BAHAHAHAHA! Yeah i'm just really pumped. I'm sure the wait will be well worth it


----------



## vitgia78 (Mar 9, 2011)

How is about performance, issane?


----------



## prince_bigd (Jul 16, 2013)

considering the majority of your backpressure is from the cats/res and bends i doubt the muffler itself was much of a hinderance to flow. It also shouldnt have any negative effects with the rest of the system still stock but who knows with modern small displacement engines. I wonder how the same thing would sound on the 1.4 but i keep telling myself i like the quiet...i like the quiet....lmao


----------



## Octane Cruze (Jun 8, 2013)

Videooooo


----------



## Blue Angel (Feb 18, 2011)

Subscribed


----------



## rudeboybelize (Aug 5, 2012)

I've been planning on doing this to compliment the Intake RESO Delete with K&N Drop- IN Filter I already have however I would add a vibrant performance ultra quiet resonator as a muffler to change tone but if the video of this is what im looking for then this is it...I have a 2012 LS 1.8L also living in Los Angeles the cops here can be real ****:disgust:


----------



## Octane Cruze (Jun 8, 2013)

Inssane, I shot you a message and I'm wondering if you did the video. Lmk, thanks.
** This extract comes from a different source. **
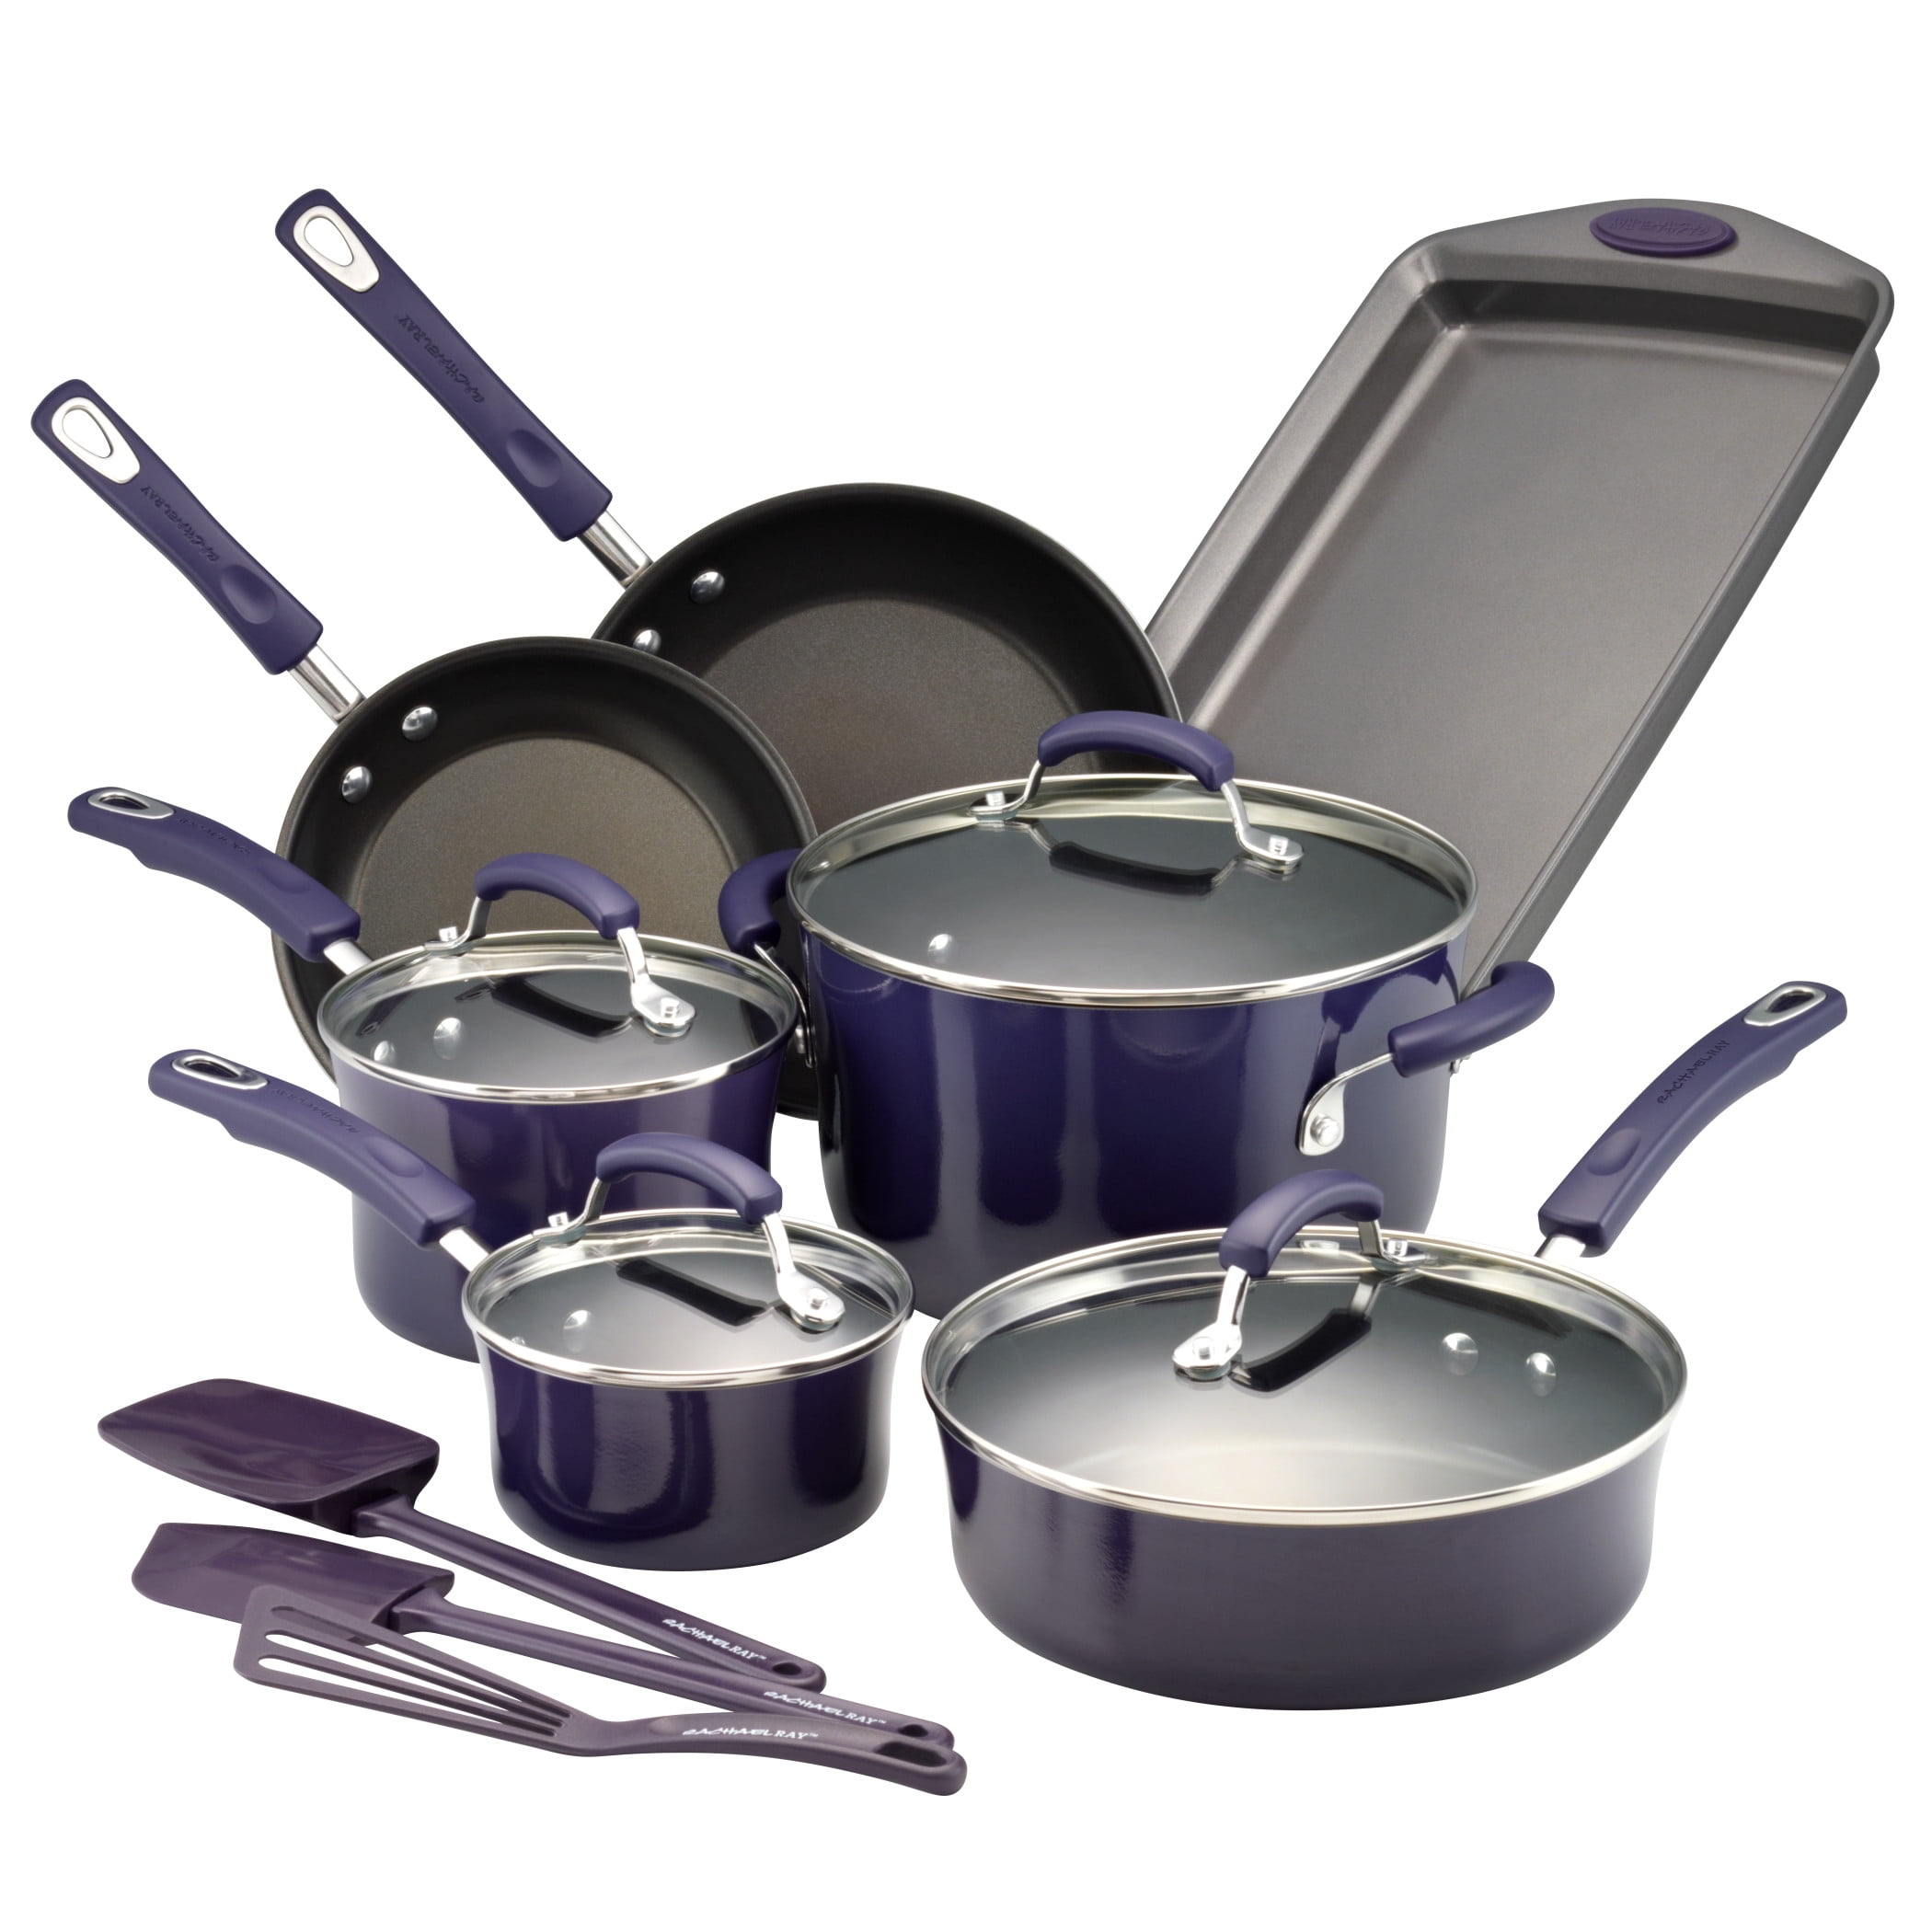 Rachael Ray Hard Anodized Cookware Set – 14 piece (Non-Stick) Only
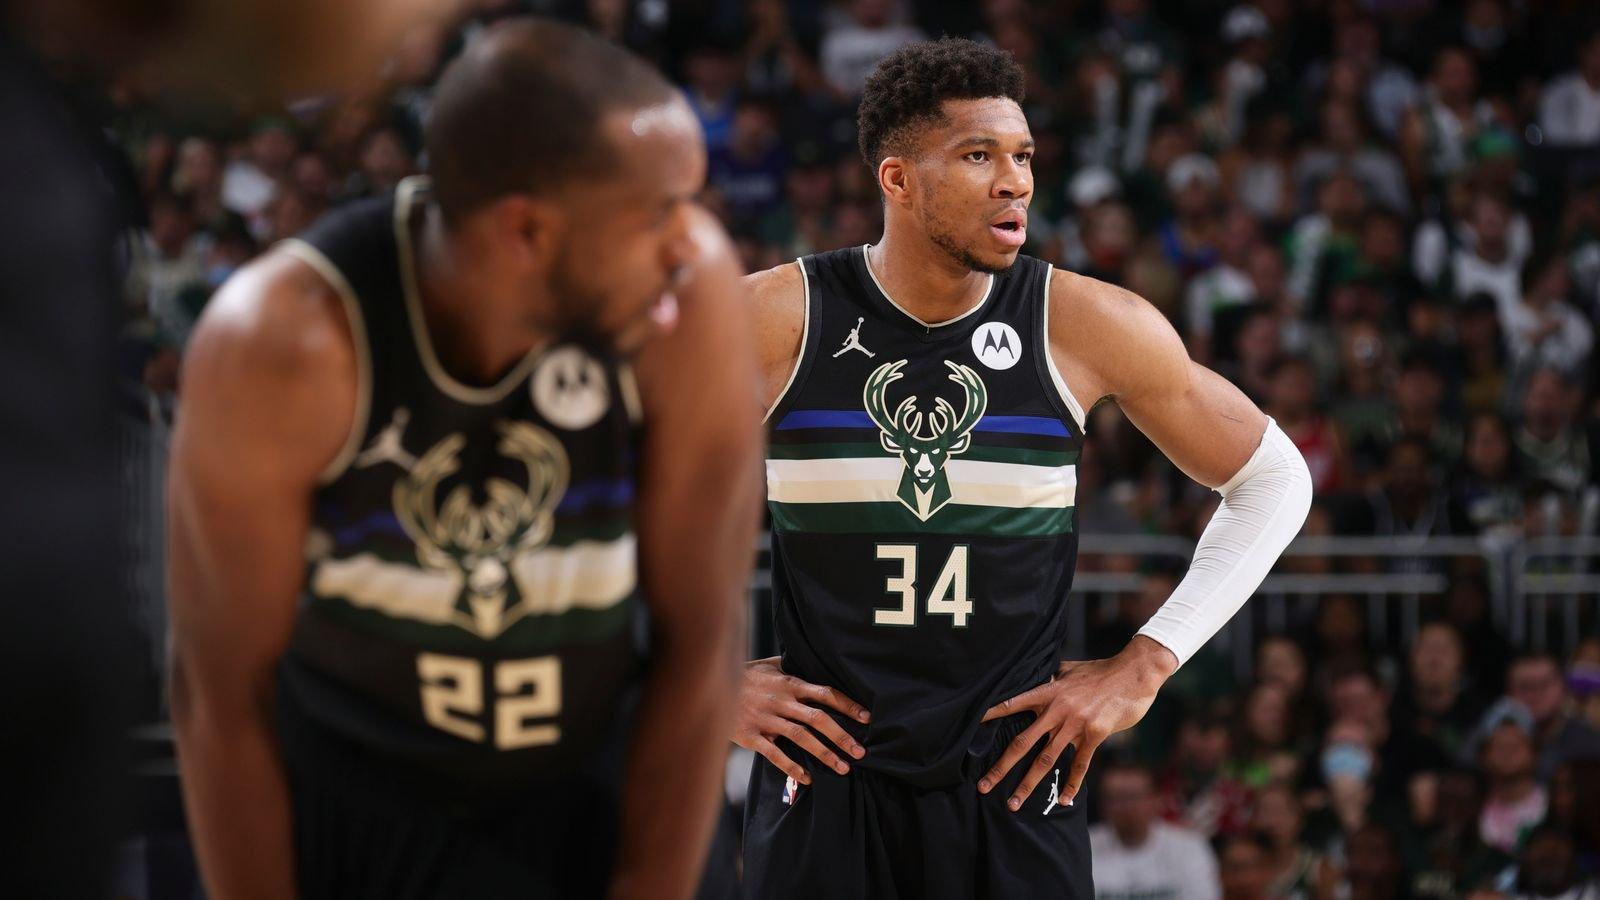 Bucks vs Nets Game 7 Betting Preview: The Market is Having a Hard Time Choosing a Favorite With Everything on the Line

Sent from AutoGuide.com Free App


----------



## rudeboybelize (Aug 5, 2012)

i could no longer wait for the video i went ahead and did it...its perfect for California Streets low deep and almost stock quiet once your off and moving i have a 1.8l and it growls when punched i think they should of made it come like this no drone either ...best $50 bucks spent


----------



## rudeboybelize (Aug 5, 2012)

im also running this with the air intake reso bypass and k&n drop in ,i've notice that it is very nice when launching not being thrown around but maybe a placebo effect the torque is def not as stong down low but up top its almost as good as a tune


----------



## Octane Cruze (Jun 8, 2013)

^ sent you a msg, please post a video 


Sent from AutoGuide.com Free App


----------



## Gh0st (Oct 17, 2012)

This is my biggest gripe with the cruze...there is no exhaust sound. I hate hacking up my exhaust though as I always regret it in the future.


----------



## rudeboybelize (Aug 5, 2012)

i felt the same what exhaust..i ran open downpipe for a week just for noise lost power badly in the low +high torque ranges..so i bolted the flanges back and got the torque back..i saw this thread since i had been reading into all the exhaust post and decided to wait for inssane to post a video but i could no longer wait..i did the muffler delete and love it if i add in a muffler i would add back a lil back pressure and loose my high rpm HP gains and move it back to the mid rpm torque gain but loose hp.. i think it really depends on how you drive i like to hold 3k in 1st gear then rev up to 5k then shift every gear after that at 5K so this helps me i've short my 0-60 to 7.63 sec +96 degrees in San Fernando Valley California im currently shooting video of the exhaust tone not to add to the bad sound quality ones out already i would say BORLA is the closest to this note


----------



## Octane Cruze (Jun 8, 2013)

rudeboybelize said:


> i felt the same what exhaust..i ran open downpipe for a week just for noise lost power badly in the low +high torque ranges..so i bolted the flanges back and got the torque back..i saw this thread since i had been reading into all the exhaust post and decided to wait for inssane to post a video but i could no longer wait..i did the muffler delete and love it if i add in a muffler i would add back a lil back pressure and loose my high rpm HP gains and move it back to the mid rpm torque gain but loose hp.. i think it really depends on how you drive i like to hold 3k in 1st gear then rev up to 5k then shift every gear after that at 5K so this helps me i've short my 0-60 to 7.63 sec +96 degrees in San Fernando Valley California im currently shooting video of the exhaust tone not to add to the bad sound quality ones out already i would say BORLA is the closest to this note


Can you pleaseeeee post some pictures and a video of this. I've been waiting forever


Sent from AutoGuide.com Free App


----------



## rudeboybelize (Aug 5, 2012)

youtube video link {http://youtu.be/LlvKAQF-YLs}
pics {skadeem2's Library | Photobucket}


----------



## Octane Cruze (Jun 8, 2013)

rudeboybelize said:


> youtube video link {http://youtu.be/LlvKAQF-YLs}
> pics {skadeem2's Library | Photobucket}





Sent from AutoGuide.com Free App


----------



## Merc6 (Jun 8, 2013)

Gh0st said:


> This is my biggest gripe with the cruze...there is no exhaust sound. I hate hacking up my exhaust though as I always regret it in the future.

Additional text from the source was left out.